How do we use your Personal Data?

We will use your personal data:

  • To verify in Real-time when a Guest or Visitor has checked into a premise.
  • To understand and improve the security and transparency protocols by capturing who enters and leaves a premise.
  • For billing and account management;
  • To respond to communications from Clients;
  • To conduct research and statistical analysis (on an anonymized basis);
  • To protect and/or enforce our legal rights and interests, including defending a claim;
  • For any other purpose authorized by you, or as may be permitted under applicable law;

Disclosing and transferring your Personal Data

Personal data will not be transferred to third parties unless one of the following situations applies. We may disclose your personal data to:

  • Any other company within our group of companies or affiliates for the purposes described in this policy.
  • Any business that supports our services and products, including any person that hosts or maintains any underlying IT system or data center that we use to provide the website or YevaPass applications and products;
  • Any other company in the case of a change to our business structure, sale, merger, consolidation, liquidation, dissolution, reorganization, or acquisition; or steps in contemplation of such activities (e.g. due diligence).
  • Any third-party integration provider where you, or your company, has expressly requested such integration service. Yeva Group Ltd and its subsidiaries are not responsible for how the provider of an integration may collect, use and share such data.
  • Comply with legal or regulatory requirements and respond to lawful requests, court orders, and legal processes for supervisory authorities or a law enforcement agency. Protect and defend the rights, property, or safety of us or third parties, including enforcing contracts or policies, or in connection with investigating and preventing fraud.

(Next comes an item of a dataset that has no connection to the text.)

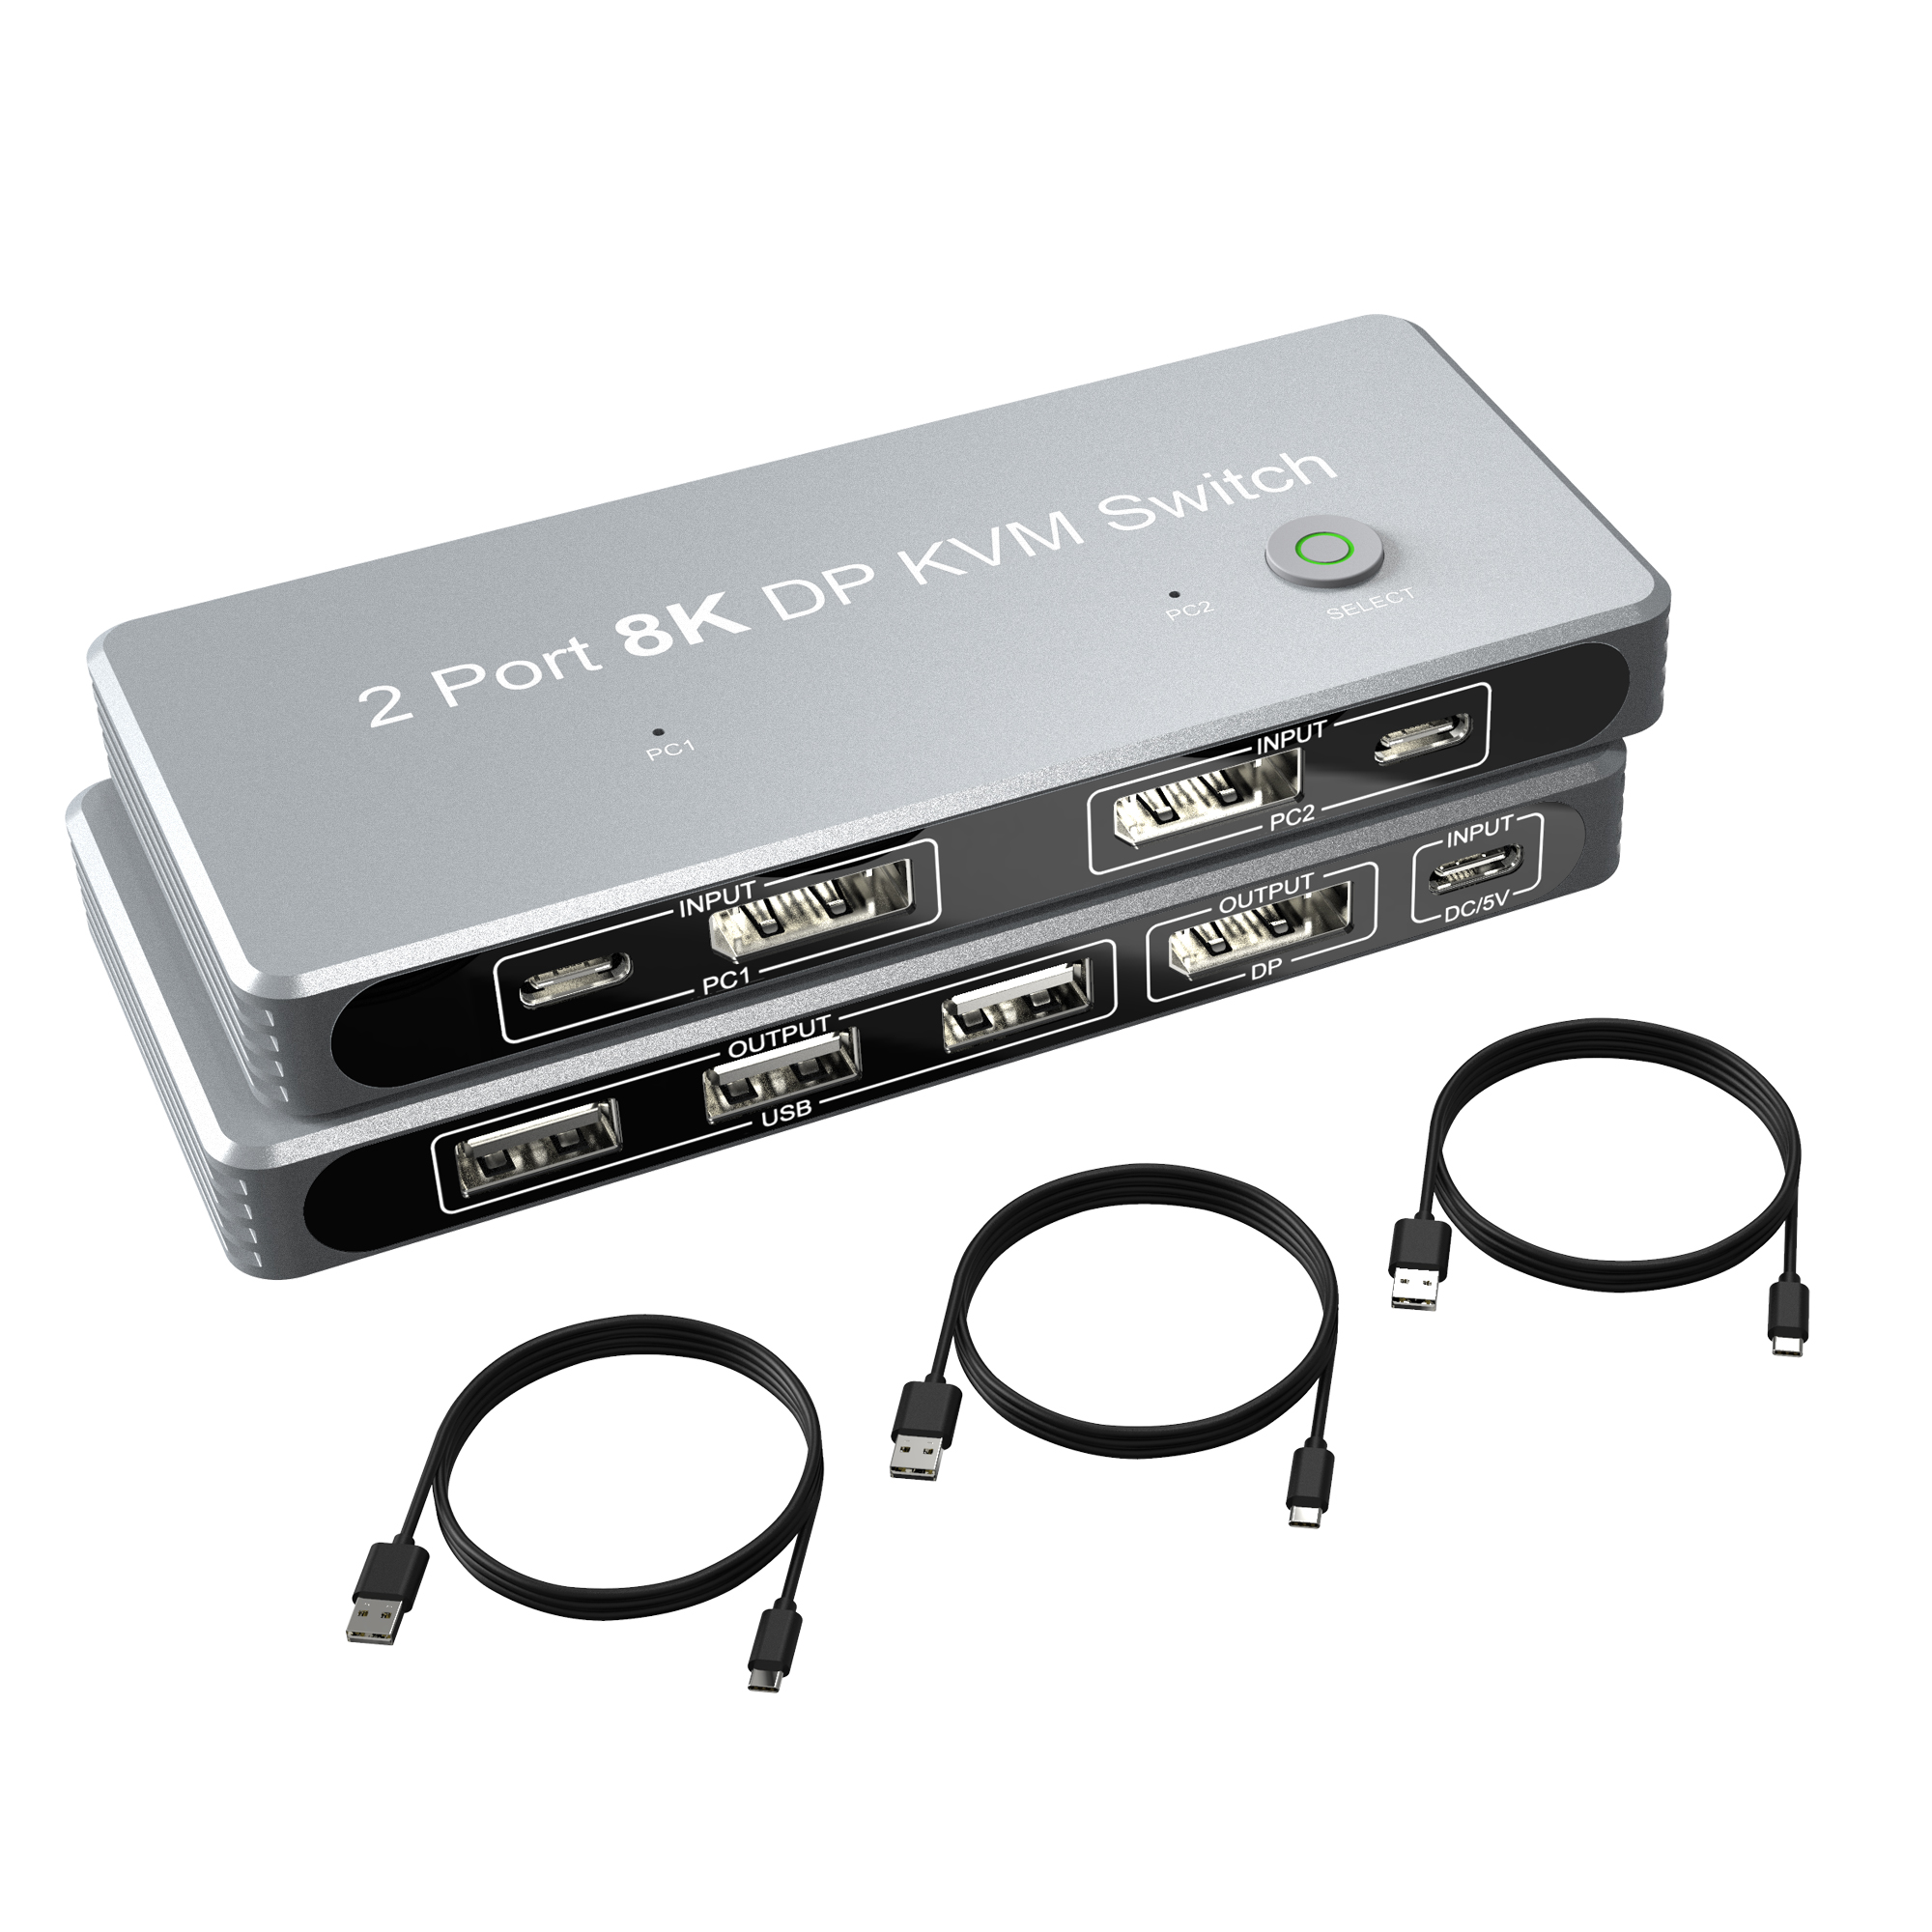 CableDeconn DisplayPort 1.4 8K KVM Switch DP 2 PC 1 DP Monitor 2In 1Out 8K@60Hz 4K@144Hz with 3X USB2.0 Port 2 PC Sharing one Keyboard Mouse T0206

As part of our DPA compliance obligations we are duty bound to check when considering sharing your personal data with any third parties that they apply the same or greater controls in terms of data protection. All Yeva Group suppliers, affiliates and any other third parties that we may use to store your data are subject to a strict due diligence process to ensure they operate in accordance with DPA, including the use of non-disclosure agreements.